» Stored entries:
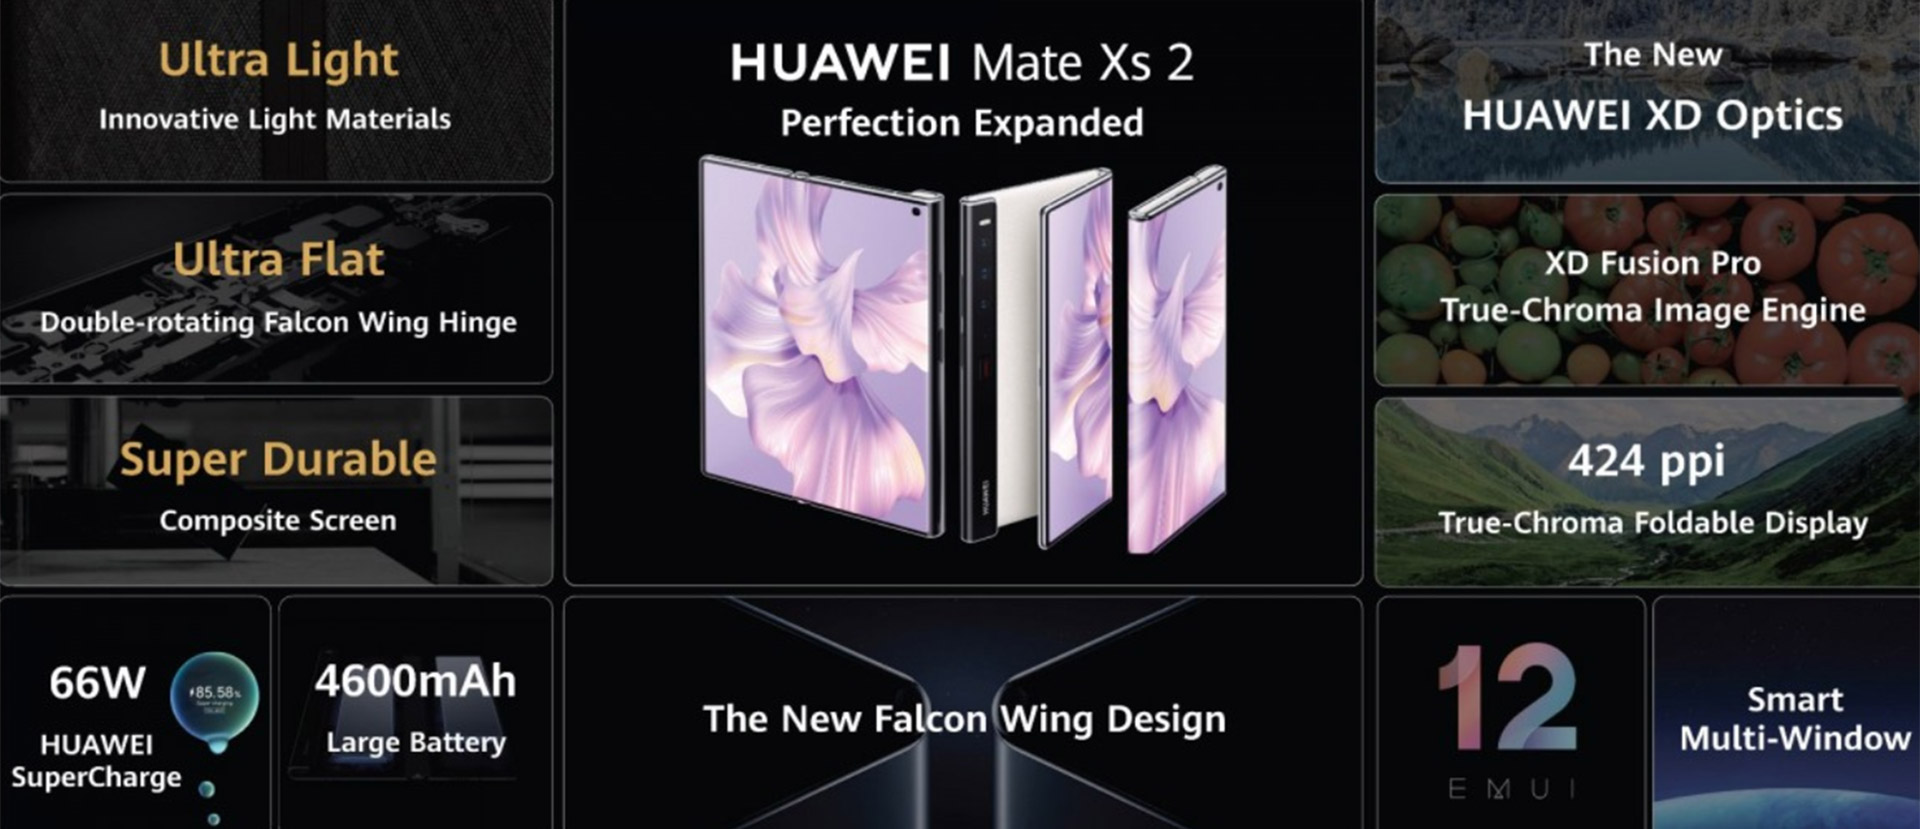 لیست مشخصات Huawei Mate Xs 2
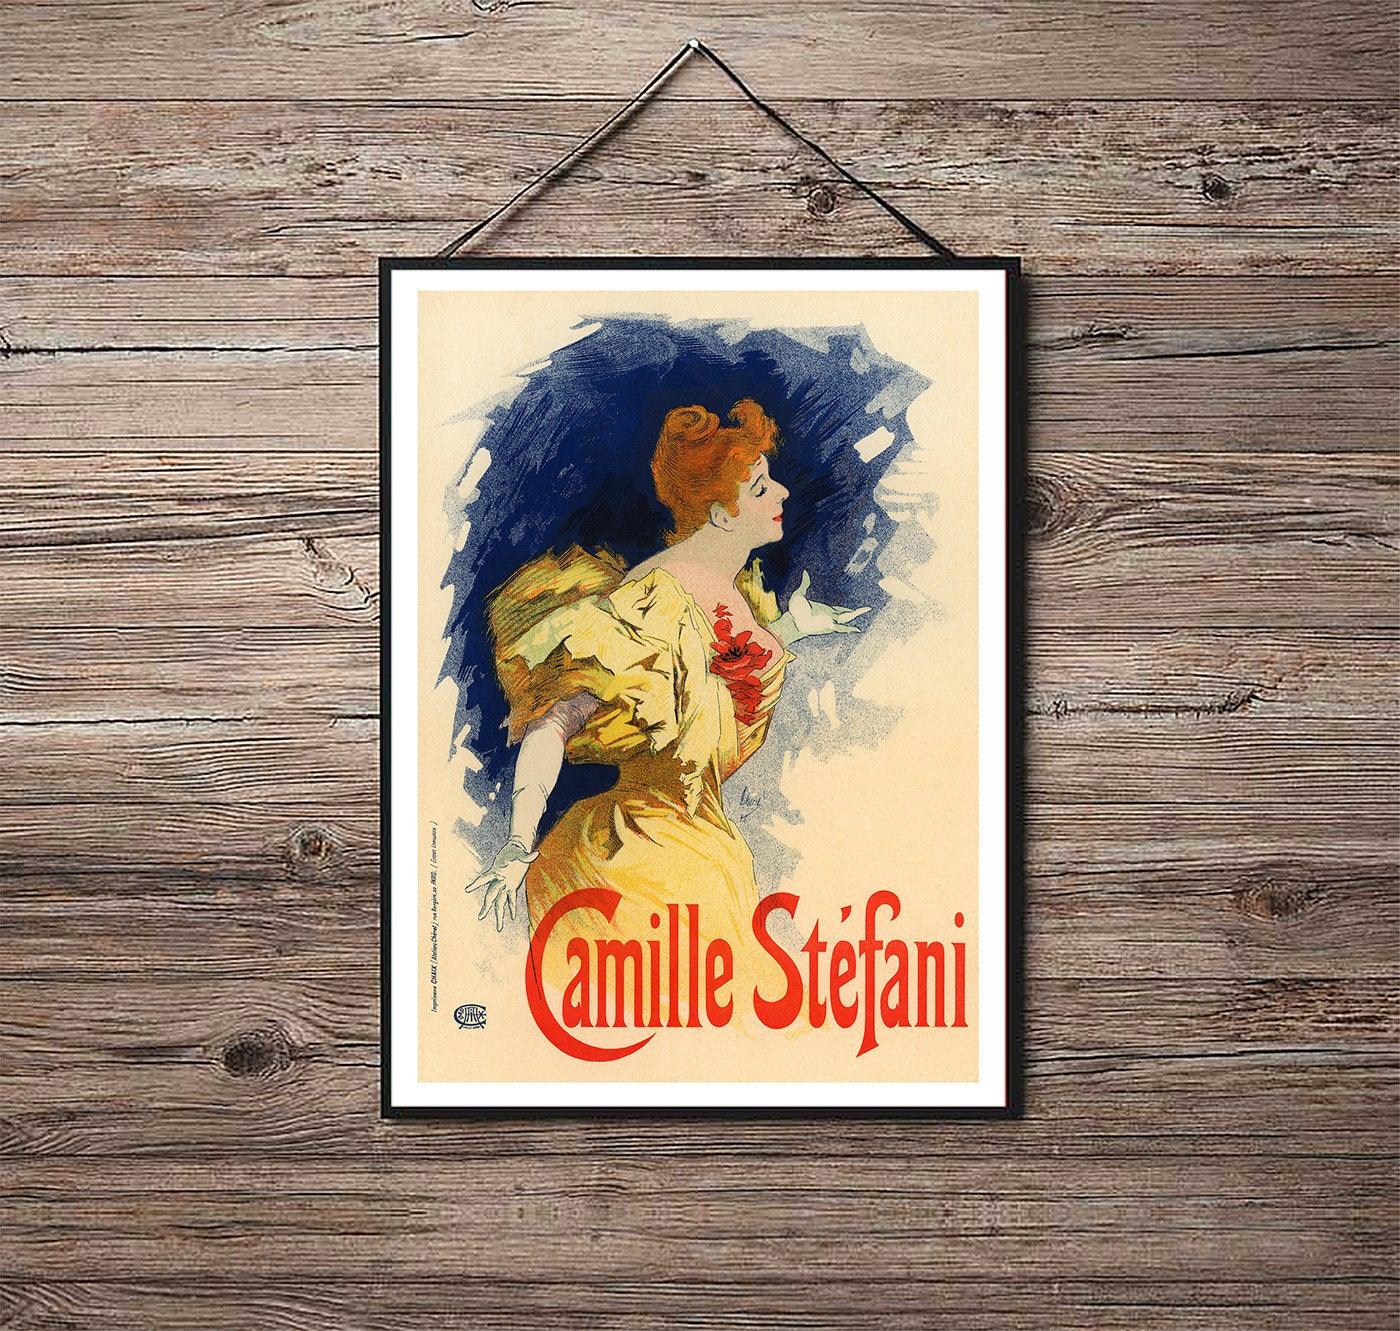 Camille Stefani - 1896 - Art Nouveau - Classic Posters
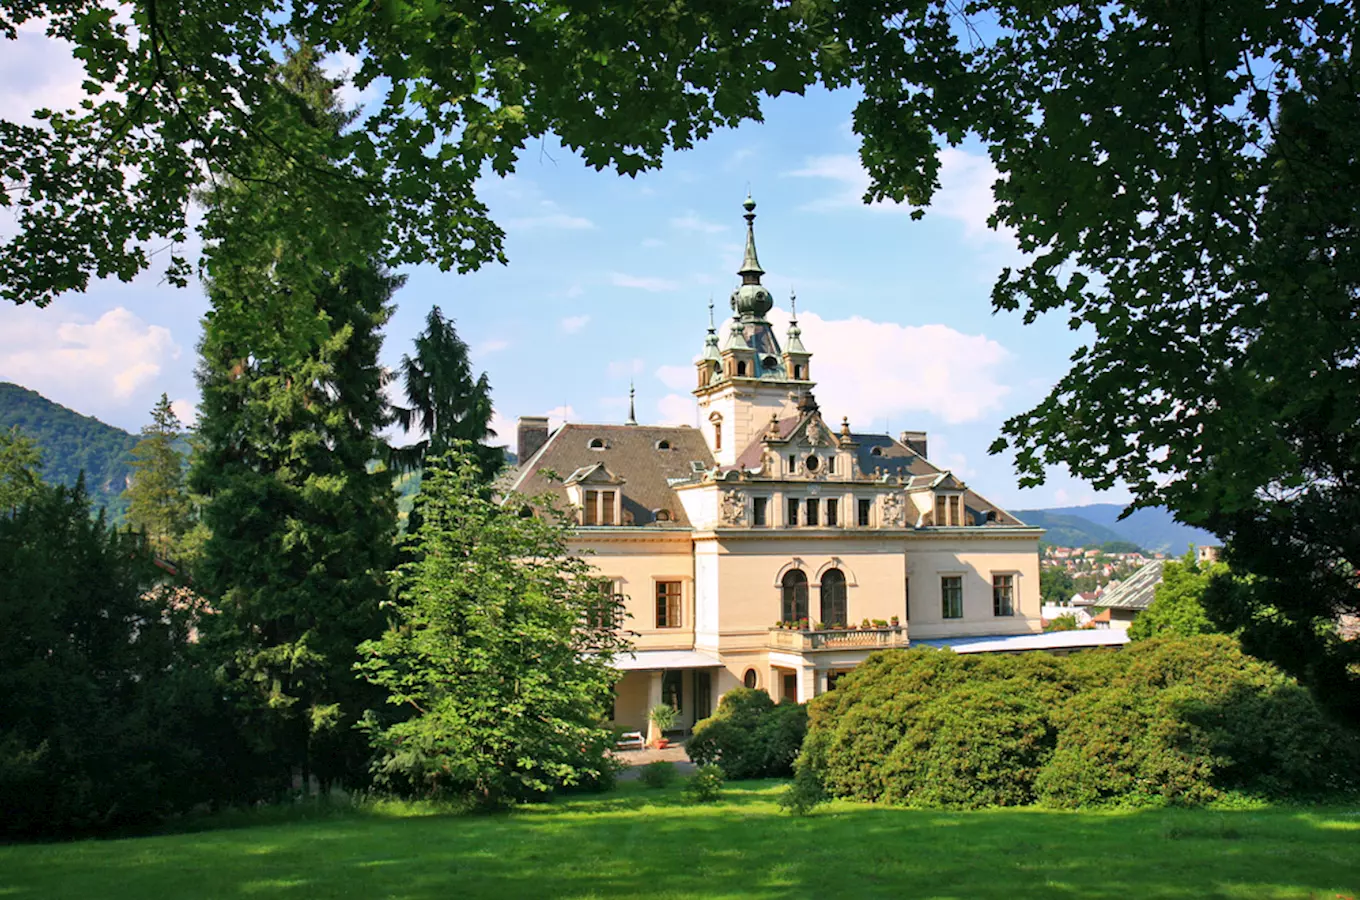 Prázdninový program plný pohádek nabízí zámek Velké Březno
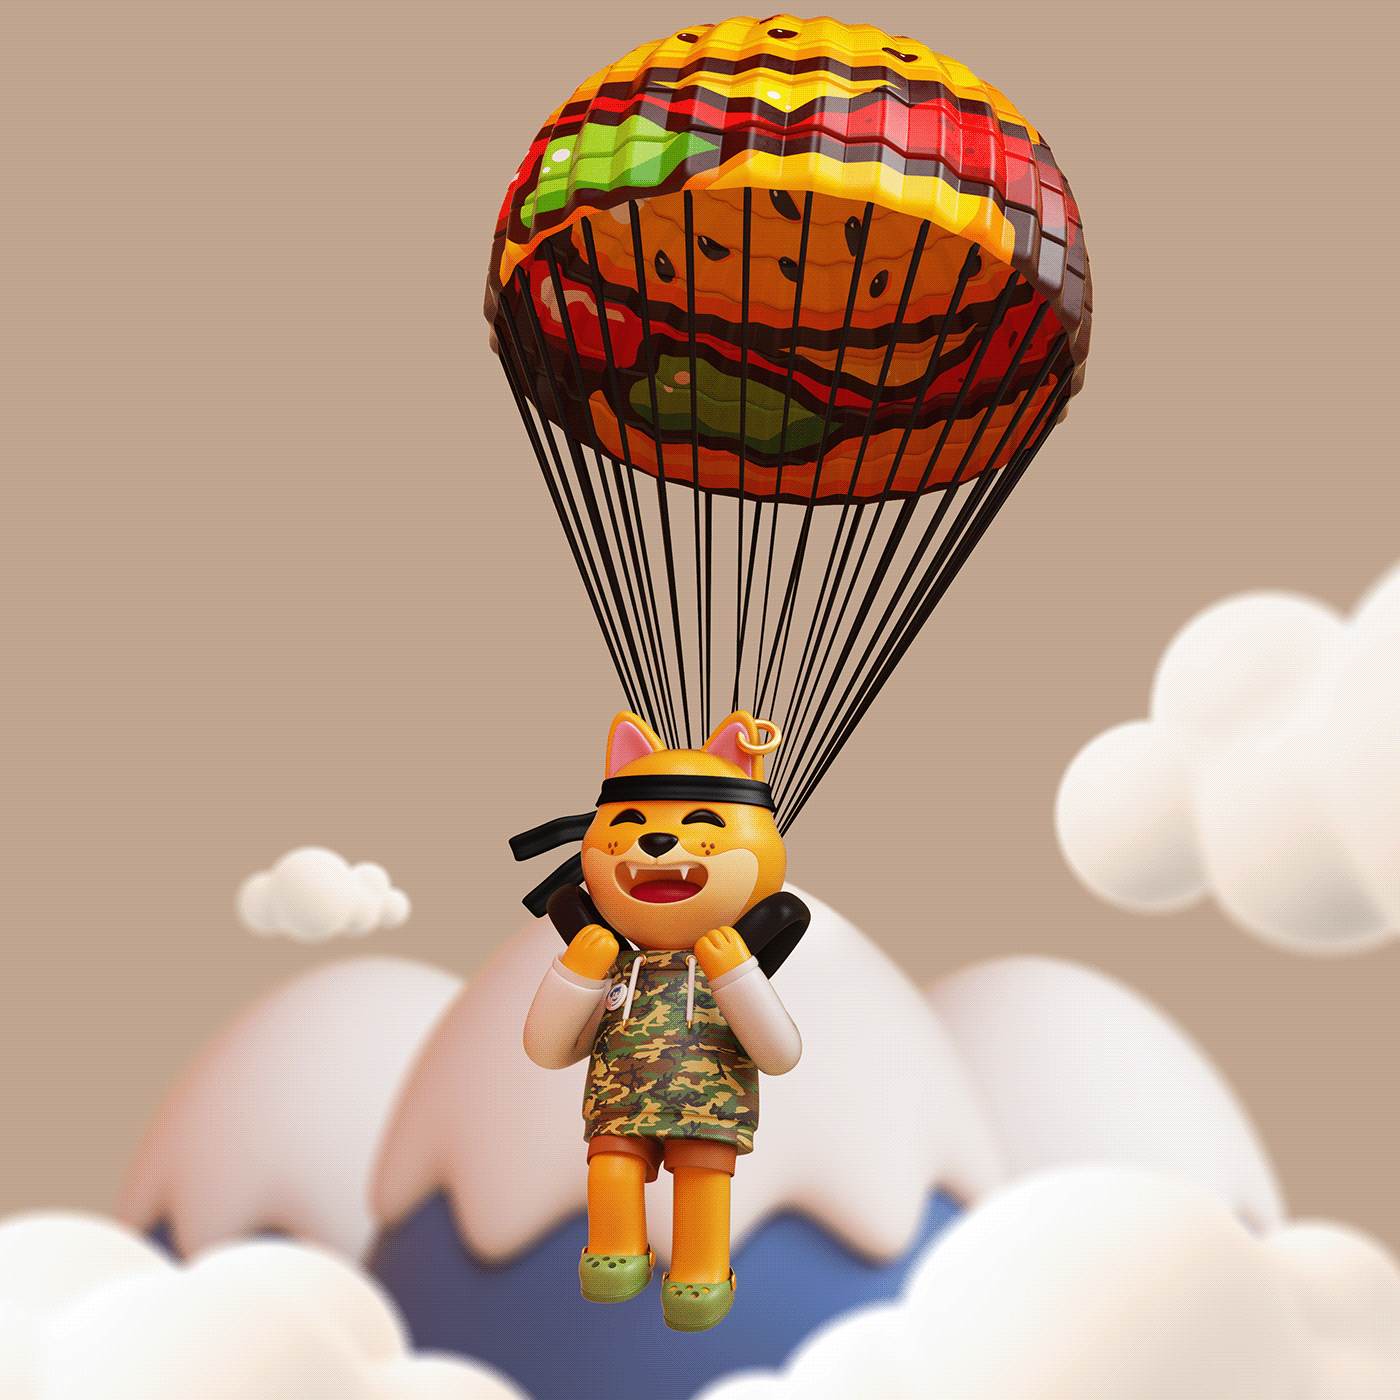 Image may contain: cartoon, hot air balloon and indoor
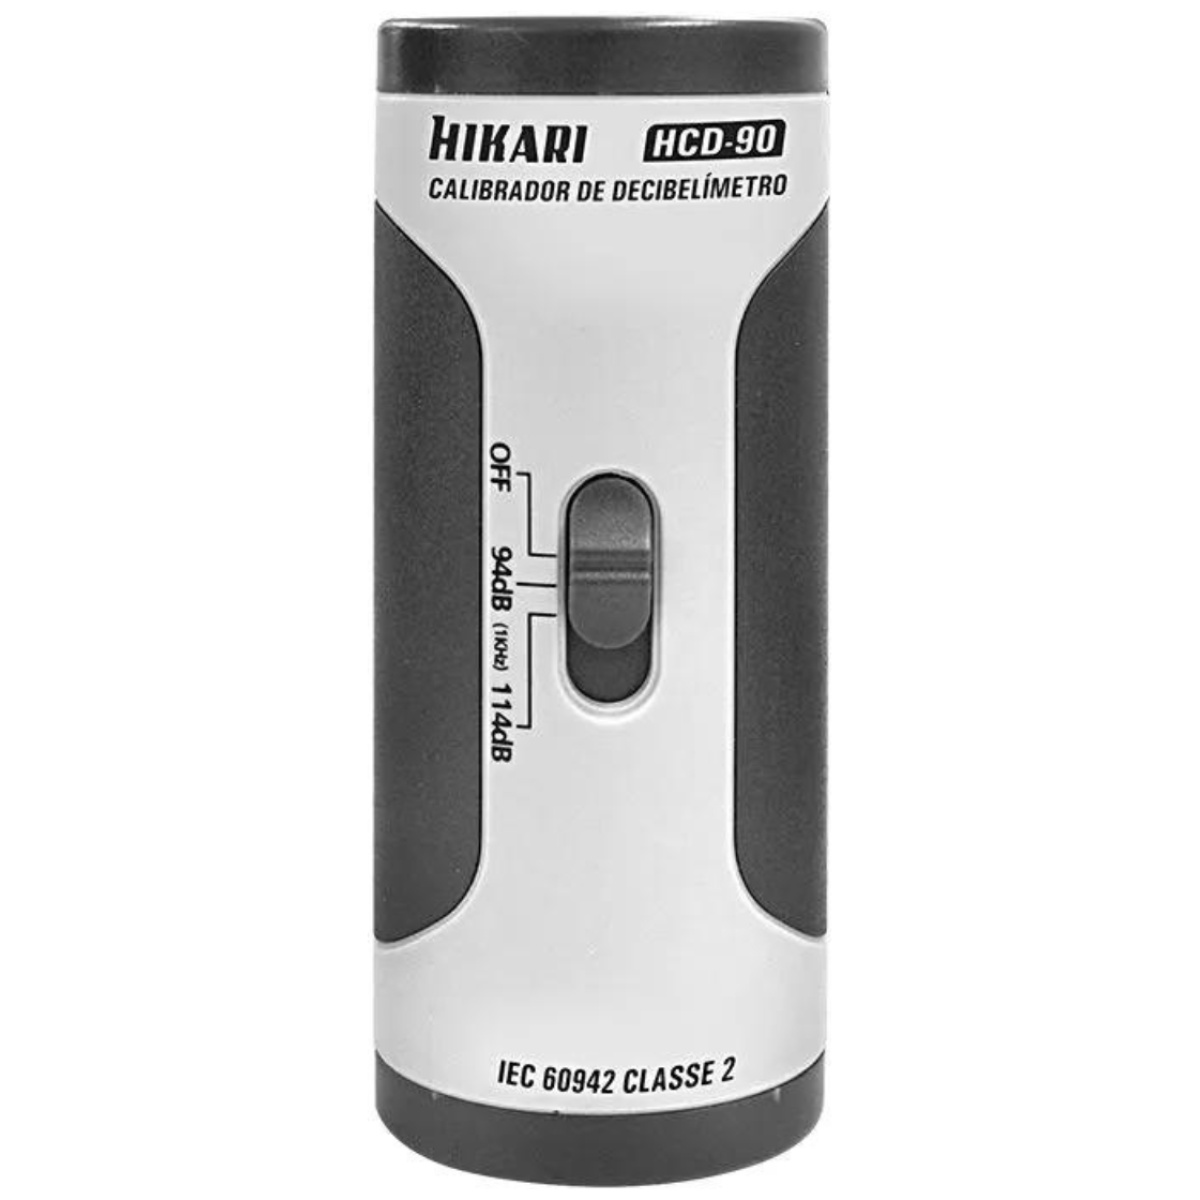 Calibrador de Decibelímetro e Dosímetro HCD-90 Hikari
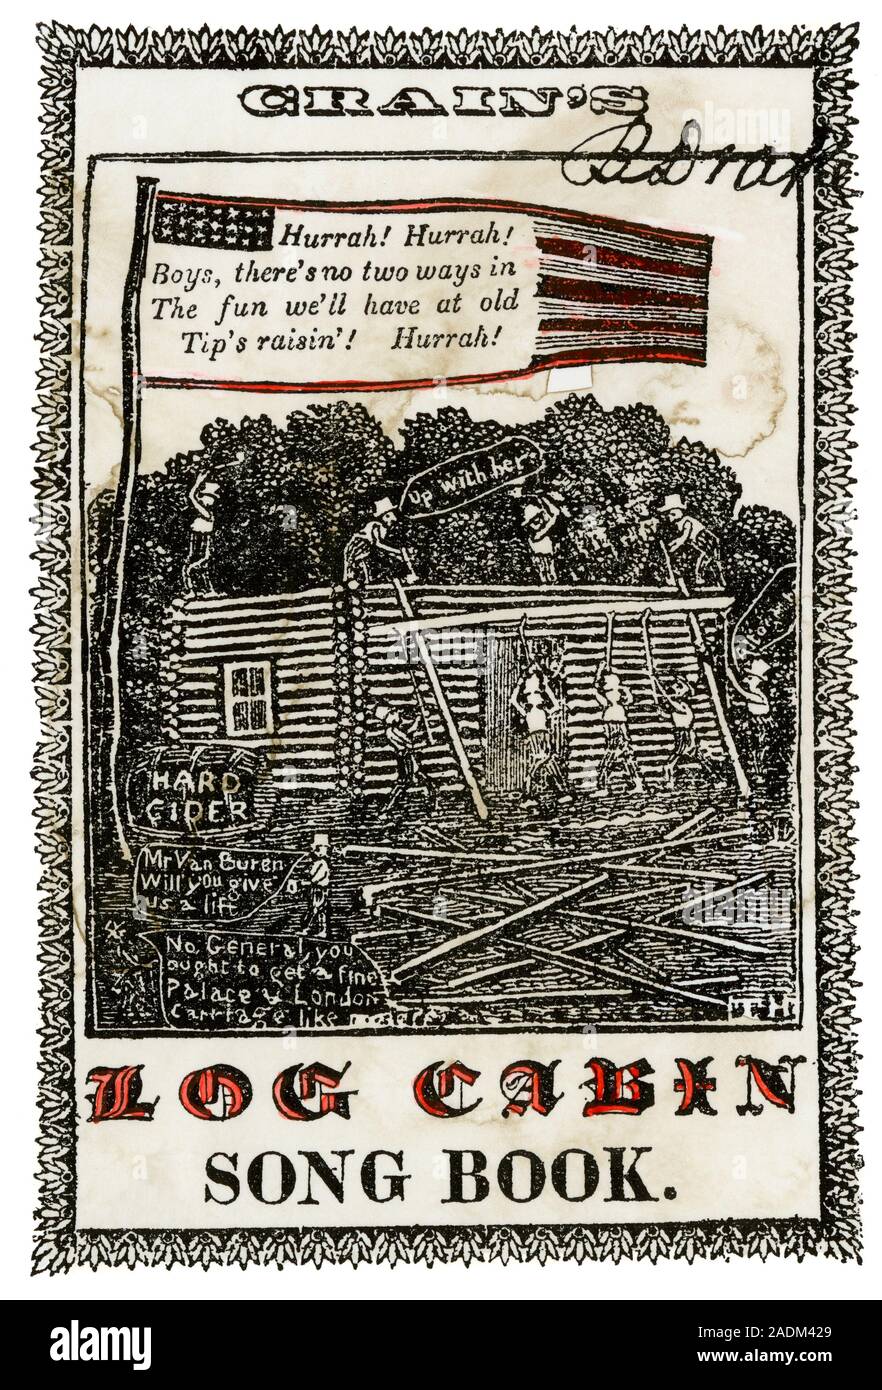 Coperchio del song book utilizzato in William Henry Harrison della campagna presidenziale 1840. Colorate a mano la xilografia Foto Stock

» Problem statement: Except for pictures, copy the records above exactly.

» Response to this exercise:
 لیست مشخصات Huawei Mate Xs 2
 Camille Stefani - 1896 - Art Nouveau - Classic Posters
 Prázdninový program plný pohádek nabízí zámek Velké Březno
 Image may contain: cartoon, hot air balloon and indoor
 Calibrador de Decibelímetro e Dosímetro HCD-90 Hikari
 Coperchio del song book utilizzato in William Henry Harrison della campagna presidenziale 1840. Colorate a mano la xilografia Foto Stock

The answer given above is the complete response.